(Data shown)

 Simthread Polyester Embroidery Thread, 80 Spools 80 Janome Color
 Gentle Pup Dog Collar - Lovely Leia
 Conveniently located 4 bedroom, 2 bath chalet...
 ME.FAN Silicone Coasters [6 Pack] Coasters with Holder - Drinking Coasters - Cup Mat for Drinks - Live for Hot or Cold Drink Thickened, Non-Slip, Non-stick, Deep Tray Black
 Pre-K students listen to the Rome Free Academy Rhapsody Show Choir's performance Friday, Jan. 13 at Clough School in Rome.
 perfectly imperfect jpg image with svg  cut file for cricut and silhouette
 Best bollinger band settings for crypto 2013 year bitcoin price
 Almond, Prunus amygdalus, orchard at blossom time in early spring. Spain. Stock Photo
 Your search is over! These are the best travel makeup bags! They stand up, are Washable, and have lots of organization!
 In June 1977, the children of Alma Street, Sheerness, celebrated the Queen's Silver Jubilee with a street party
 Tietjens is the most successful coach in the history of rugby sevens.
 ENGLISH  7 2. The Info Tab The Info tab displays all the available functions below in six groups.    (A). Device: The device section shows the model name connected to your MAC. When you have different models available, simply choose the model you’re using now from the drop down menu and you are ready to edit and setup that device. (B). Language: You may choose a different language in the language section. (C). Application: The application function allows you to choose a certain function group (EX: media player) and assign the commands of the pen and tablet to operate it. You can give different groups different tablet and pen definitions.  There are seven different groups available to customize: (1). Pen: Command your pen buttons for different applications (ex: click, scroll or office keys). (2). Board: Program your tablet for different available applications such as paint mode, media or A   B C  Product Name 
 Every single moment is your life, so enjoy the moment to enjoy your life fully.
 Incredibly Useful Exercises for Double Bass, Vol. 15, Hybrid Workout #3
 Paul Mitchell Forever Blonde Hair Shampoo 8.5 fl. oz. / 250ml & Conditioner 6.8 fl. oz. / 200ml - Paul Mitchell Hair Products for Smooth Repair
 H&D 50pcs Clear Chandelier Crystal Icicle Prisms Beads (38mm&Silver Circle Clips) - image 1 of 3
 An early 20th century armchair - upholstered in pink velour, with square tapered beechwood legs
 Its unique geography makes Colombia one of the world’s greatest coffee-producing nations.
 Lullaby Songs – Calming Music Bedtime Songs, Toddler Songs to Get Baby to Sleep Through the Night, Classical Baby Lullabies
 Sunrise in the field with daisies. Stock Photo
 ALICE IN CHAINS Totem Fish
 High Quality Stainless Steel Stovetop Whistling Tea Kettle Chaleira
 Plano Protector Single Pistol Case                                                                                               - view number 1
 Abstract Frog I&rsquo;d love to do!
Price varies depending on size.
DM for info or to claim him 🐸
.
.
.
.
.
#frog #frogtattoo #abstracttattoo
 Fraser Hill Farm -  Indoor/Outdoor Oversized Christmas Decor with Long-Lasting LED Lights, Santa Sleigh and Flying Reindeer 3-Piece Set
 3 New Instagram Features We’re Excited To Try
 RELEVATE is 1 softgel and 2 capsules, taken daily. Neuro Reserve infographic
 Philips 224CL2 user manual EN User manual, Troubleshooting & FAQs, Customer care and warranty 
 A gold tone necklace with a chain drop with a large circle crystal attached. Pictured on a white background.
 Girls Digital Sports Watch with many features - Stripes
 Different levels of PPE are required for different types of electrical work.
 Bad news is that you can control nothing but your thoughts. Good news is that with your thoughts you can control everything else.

(End Data shown)

What to produce
Where a line in the records above includes the string "that", show it.

Task solution
 ENGLISH  7 2. The Info Tab The Info tab displays all the available functions below in six groups.    (A). Device: The device section shows the model name connected to your MAC. When you have different models available, simply choose the model you’re using now from the drop down menu and you are ready to edit and setup that device. (B). Language: You may choose a different language in the language section. (C). Application: The application function allows you to choose a certain function group (EX: media player) and assign the commands of the pen and tablet to operate it. You can give different groups different tablet and pen definitions.  There are seven different groups available to customize: (1). Pen: Command your pen buttons for different applications (ex: click, scroll or office keys). (2). Board: Program your tablet for different available applications such as paint mode, media or A   B C  Product Name 
 Bad news is that you can control nothing but your thoughts. Good news is that with your thoughts you can control everything else.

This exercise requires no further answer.